The second lid 700 may comprise a main body portion 710 and a knob 720. The second lid 700 may be formed by casting. The knob 720 may be cast separately from the main body portion 710 and may be affixed thereto with a fastener such as a screw. Alternatively, the main body portion 710 and the knob 720 may be formed as a monolithic structure.
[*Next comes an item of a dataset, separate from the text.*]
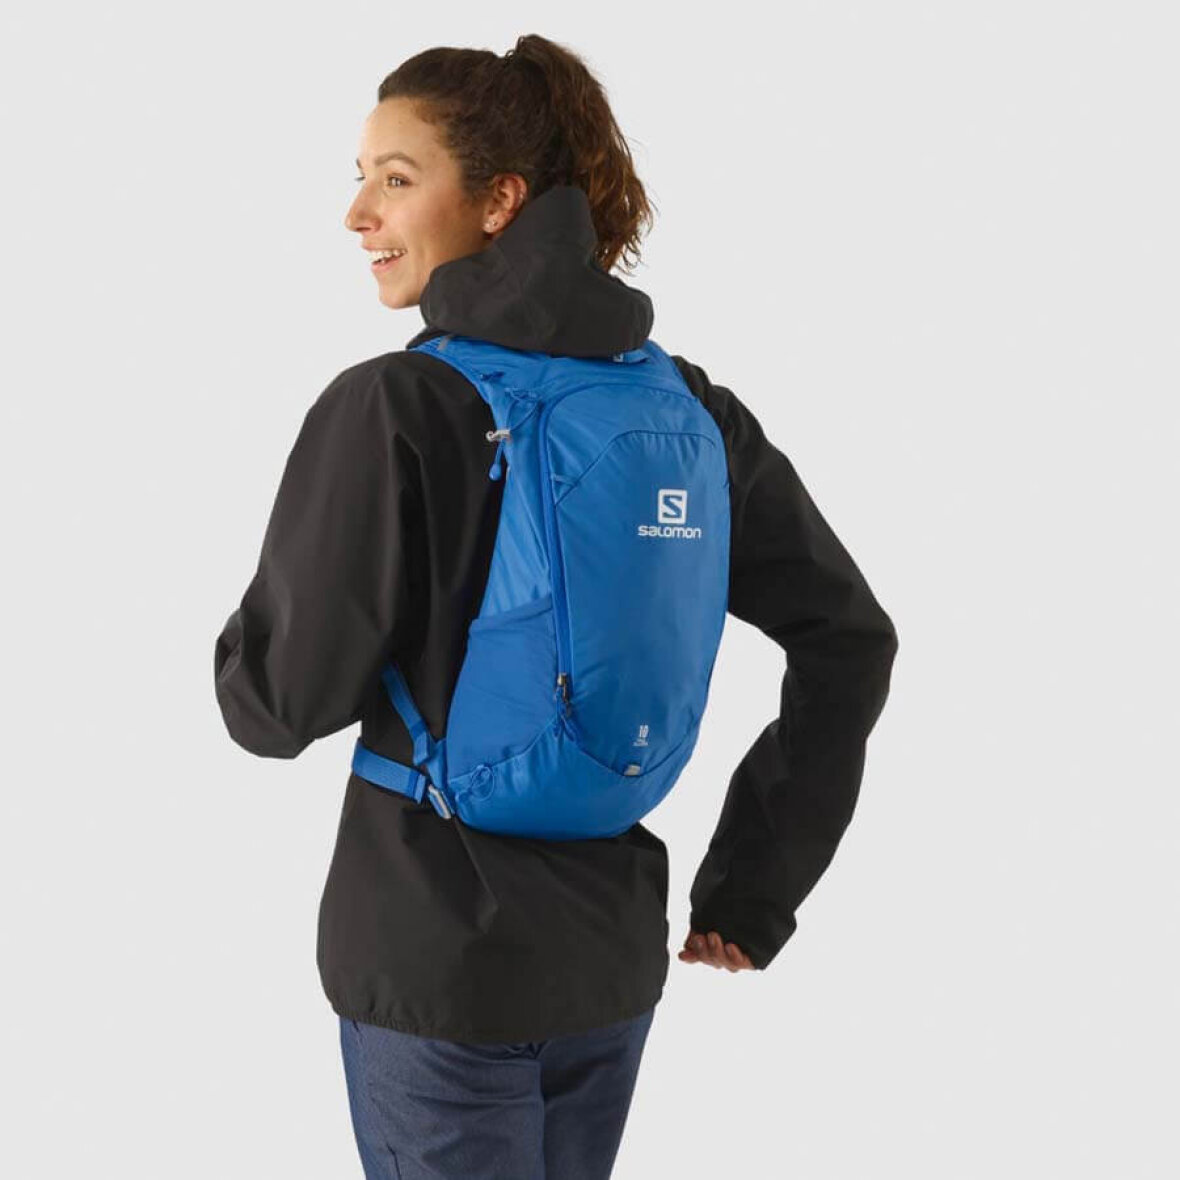 undergrundsbane Berettigelse ambition Salomon Trailblazer 10 - Lækker rygsæk til den aktive hverdag - Køb den her!

As seen in FIG. 1, when the components are stacked in the storage state, no portion of the cooking unit 100 is visible. Thus, the cooking system 1000 appears to be simply a set of stacked pots and pans. This is because the cooking unit 100 is located within the first cavity 210 of the first cooking vessel 200 and is then covered by the second cooking vessel 300 which is also located within the first cavity 210 of the first cooking vessel 200. As will be discussed in more detail below, the cooking unit 100 is located within the first cavity 210 of the first cooking vessel 200 when the system 1000 is in the storage state, and then the second cooking vessel 300 is positioned in the first cavity 210 of the first cooking vessel 200 above the cooking unit 100. The cooking unit 100 is located within the first cavity 210 of the first cooking vessel 200 between a bottom end of the second cooking vessel 300 and a floor of the first cavity 210 of the first cooking vessel 200. As such, the cooking unit 100 is hidden from view beneath the second coking vessel 300. Looking just at FIG. 1, when the system 1000 is in the storage state, there is no indication that the system 1000 even includes the cooking unit 100. This would be true even if only the cooking unit 100 and the second cooking vessel 300 were stacked within the first cavity 210 of the first cooking vessel 200 without the other cooking vessels and the lids. The various components of the system 1000 stack seamlessly while keeping the cooking unit 100 hidden from view until the various components are unstacked such as when being used for cooking as described herein.

Referring to FIGS. 3A-3C, the cooking unit 100 will be described. FIGS. 3A-3C will be used to describe the external features of the cooking unit 100. The interior components of the cooking unit 100 will be described after with reference to FIGS. 4 and 5.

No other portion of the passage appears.